My heart has been pumping on gratitude these past few weeks, and it’s been on my lips at night before going to sleep.
I am bad at receiving. On top of that, I’m fiercely independent and tend towards people-pleasing. Giving makes me joyful. Receiving is …uncomfortable. It’s only recently that I’ve begun to embrace it.
Last month, 8 friends came over for Shabbos. I woke up early Friday morning with a fever, chills, and sore throat. I usually do the cleaning, not the cooking, and had never made the whole Shabbos myself. Preparing took hours. A few friends stopped by closer to Shabbos to help, which was great, but by the time Shabbos came, I was exhausted. We welcomed in Shabbos by the candles and snuggled on the couches.
Feeling sick forced me to resign to the fact that I couldn’t do everything alone. I don’t know why I was surprised when everyone stepped up to the plate (no pun intended), setting the table, serving, clearing, cutting the salads- all the things I wouldn’t have thought to ask for help with. Somewhere in my head, a light flickered on, and I felt supported.
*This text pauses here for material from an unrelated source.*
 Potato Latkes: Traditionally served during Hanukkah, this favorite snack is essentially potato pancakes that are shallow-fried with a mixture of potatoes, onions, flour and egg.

That week, I turned 22. Work and school have been crowding my schedule, so I didn’t party. Having told a few friends and my immediate family, I dedicated some time to talk to Hashem and think about what 21 was like, and went to work as usual. The next day, my friend Emma brought me flowers. Then Gavriel sent more flowers with a note, and Chava handed me a letter the following week. At work, they threw a mini birthday ice cream party.
Countless times in the past month, I’ve received help or gifts unexpectedly- a ticket to a concert from friends, an errand run, a favor from a roommate, a listening ear, beautiful weather.
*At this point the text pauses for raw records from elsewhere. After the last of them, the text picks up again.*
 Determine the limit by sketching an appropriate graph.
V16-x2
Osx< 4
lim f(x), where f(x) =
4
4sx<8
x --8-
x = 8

There is a certain amount of security that comes with not receiving. Being a giver doesn’t require vulnerability. I can nurture and give without showing my weaknesses. That’s my comfort zone. It’s so HARD to let go of.
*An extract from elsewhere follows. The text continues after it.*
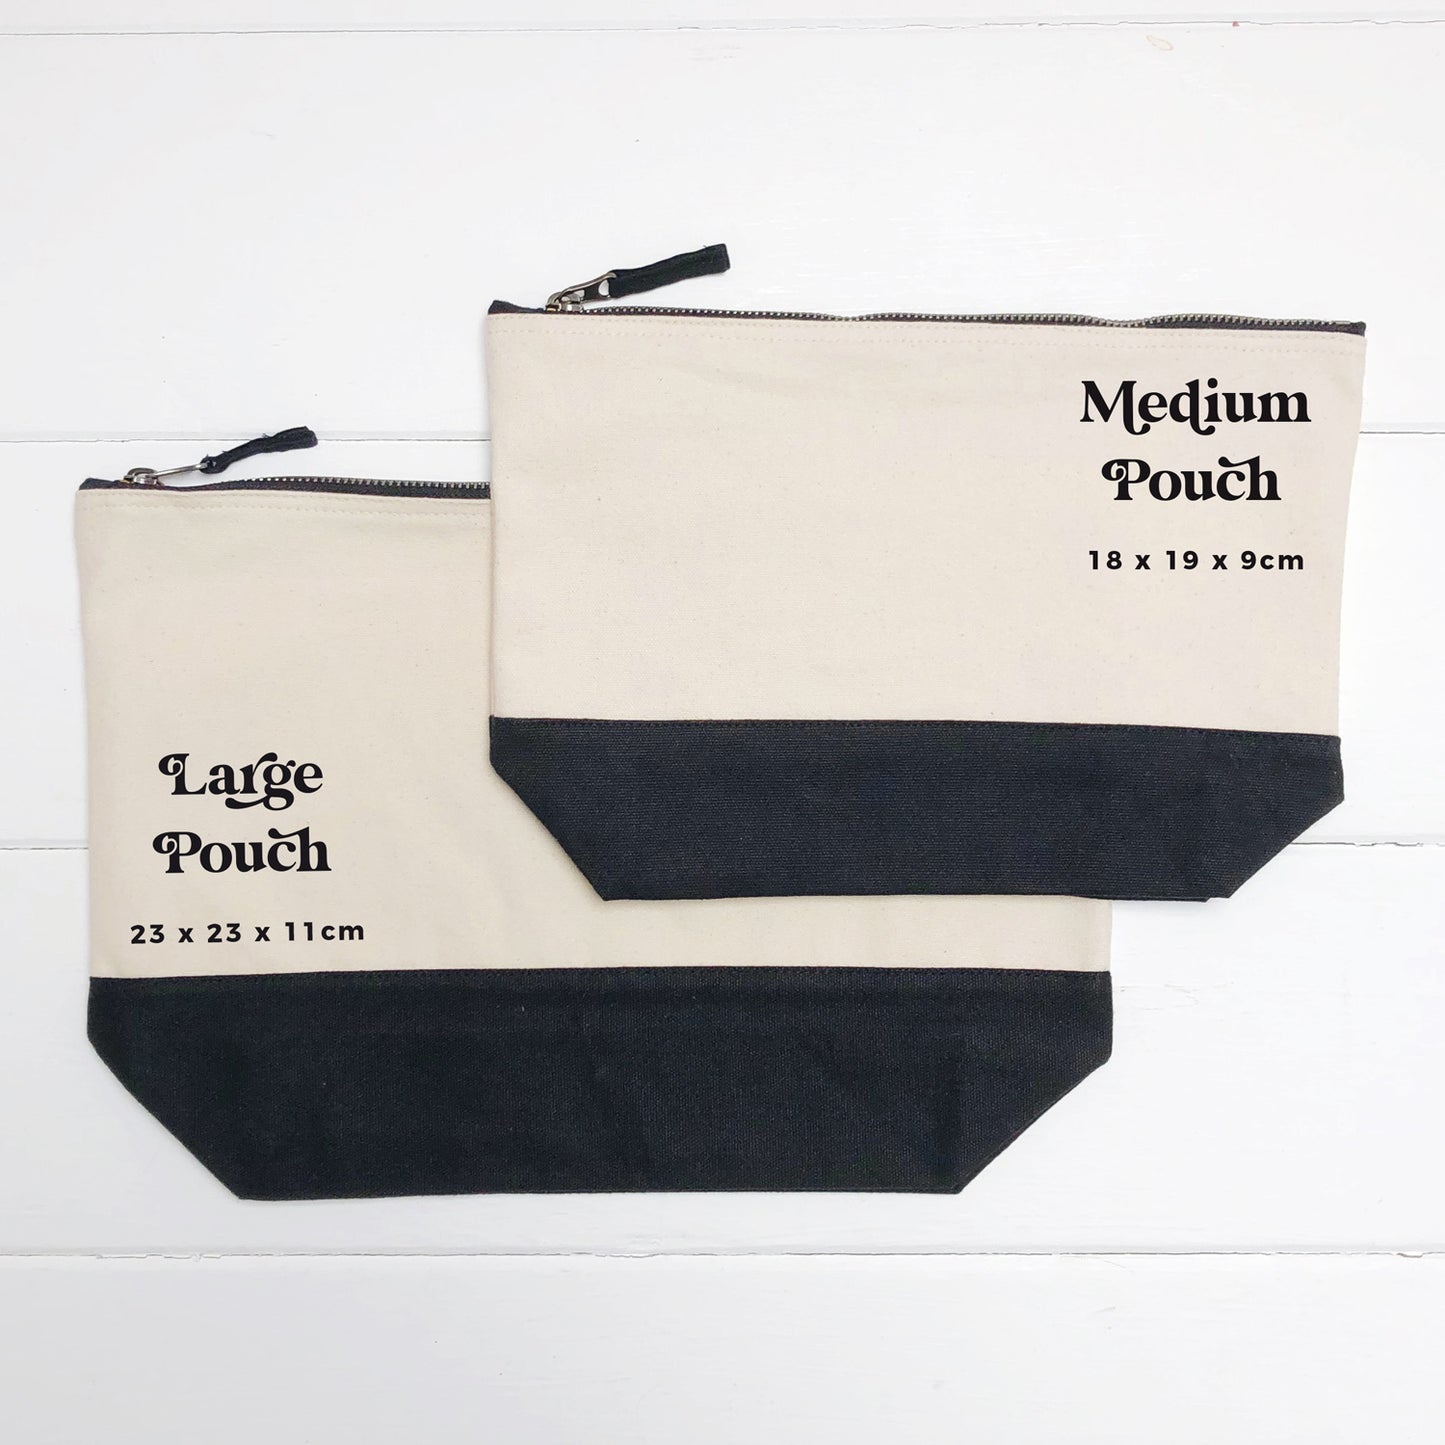 Medium and large project bags on top of each other to get an idea of sizing.

But slowly, as I allow myself to be loved by the people around me, I’m becoming brave.
Bravery means a lot of things. When I was little, it meant going on the scariest ride in the amusement park. It meant riding a two-wheeler. Brave meant sharing my art and music to a public audience. Brave meant leaving school early and starting college. Brave was making aliyah. I’ve defined brave by accomplishment.
Recently, I learned that brave is also vulnerability. Brave is being ok with weakness and mistakes, and with the knowledge that it may not turn out great, but it’s still worthwhile to try. Brave is relaying a painful experience and not judging myself for it.
Recently, I learned that it is so much easier to appreciate life when it is an honest, shared experience.
This one realization is changing my life. It has been opening me up to communicating in a more personal way and to having deeper relationships.
It’s Adar now, the Jewish month of simcha. Mrs. Levine from Neve explained that simcha is the joy that is found in the journey, because if there were no journey, there’d be no joy at the finish line! On my own journey, I’m so grateful to be learning about the value of openness. I’m grateful to the friends and family in my life who stick with me as I discover and who teach me how to receive.